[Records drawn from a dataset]
****************************************

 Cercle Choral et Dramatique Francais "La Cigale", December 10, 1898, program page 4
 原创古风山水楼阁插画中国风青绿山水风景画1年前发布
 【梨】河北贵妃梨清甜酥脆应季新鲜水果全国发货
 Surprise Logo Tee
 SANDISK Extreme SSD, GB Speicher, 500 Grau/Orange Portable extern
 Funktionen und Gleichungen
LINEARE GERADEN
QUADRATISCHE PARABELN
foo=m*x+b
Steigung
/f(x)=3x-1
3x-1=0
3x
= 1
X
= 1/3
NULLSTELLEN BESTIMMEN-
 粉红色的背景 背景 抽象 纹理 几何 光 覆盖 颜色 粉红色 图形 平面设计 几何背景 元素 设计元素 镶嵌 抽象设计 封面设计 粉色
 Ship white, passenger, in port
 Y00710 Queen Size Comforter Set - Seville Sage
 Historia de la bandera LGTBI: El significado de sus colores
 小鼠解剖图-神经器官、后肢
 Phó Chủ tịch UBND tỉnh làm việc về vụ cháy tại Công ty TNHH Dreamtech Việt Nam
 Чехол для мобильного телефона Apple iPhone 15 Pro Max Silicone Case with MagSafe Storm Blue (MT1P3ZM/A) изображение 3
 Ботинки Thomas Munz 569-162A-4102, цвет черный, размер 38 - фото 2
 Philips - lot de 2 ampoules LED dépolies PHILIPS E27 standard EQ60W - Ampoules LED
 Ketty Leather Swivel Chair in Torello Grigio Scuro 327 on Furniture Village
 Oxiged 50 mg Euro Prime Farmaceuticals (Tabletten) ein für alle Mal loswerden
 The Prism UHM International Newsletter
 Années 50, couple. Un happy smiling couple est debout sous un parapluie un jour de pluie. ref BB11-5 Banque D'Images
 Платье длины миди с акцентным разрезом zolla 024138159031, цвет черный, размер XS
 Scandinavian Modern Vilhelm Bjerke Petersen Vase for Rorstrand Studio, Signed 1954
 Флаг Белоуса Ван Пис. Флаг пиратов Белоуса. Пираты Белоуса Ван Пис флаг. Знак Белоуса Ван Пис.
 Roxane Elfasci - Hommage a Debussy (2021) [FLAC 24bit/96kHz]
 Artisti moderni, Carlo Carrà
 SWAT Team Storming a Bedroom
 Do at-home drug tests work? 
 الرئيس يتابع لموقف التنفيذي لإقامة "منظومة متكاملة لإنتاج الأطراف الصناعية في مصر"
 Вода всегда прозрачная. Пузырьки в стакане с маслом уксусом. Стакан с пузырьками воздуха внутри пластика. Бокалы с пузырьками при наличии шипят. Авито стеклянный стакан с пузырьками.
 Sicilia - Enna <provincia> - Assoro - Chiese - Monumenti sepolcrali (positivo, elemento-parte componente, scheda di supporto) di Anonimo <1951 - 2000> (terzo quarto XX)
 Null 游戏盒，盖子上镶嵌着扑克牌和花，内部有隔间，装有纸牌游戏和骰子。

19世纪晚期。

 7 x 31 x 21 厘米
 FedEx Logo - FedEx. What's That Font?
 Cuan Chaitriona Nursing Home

****************************************

■ **Required action**:
A word-for-word copy of the entries, from the first line through the line containing "QUADRATISCHE PARABELN", is the whole answer.

■ **Exercise answer**:
 Cercle Choral et Dramatique Francais "La Cigale", December 10, 1898, program page 4
 原创古风山水楼阁插画中国风青绿山水风景画1年前发布
 【梨】河北贵妃梨清甜酥脆应季新鲜水果全国发货
 Surprise Logo Tee
 SANDISK Extreme SSD, GB Speicher, 500 Grau/Orange Portable extern
 Funktionen und Gleichungen
LINEARE GERADEN
QUADRATISCHE PARABELN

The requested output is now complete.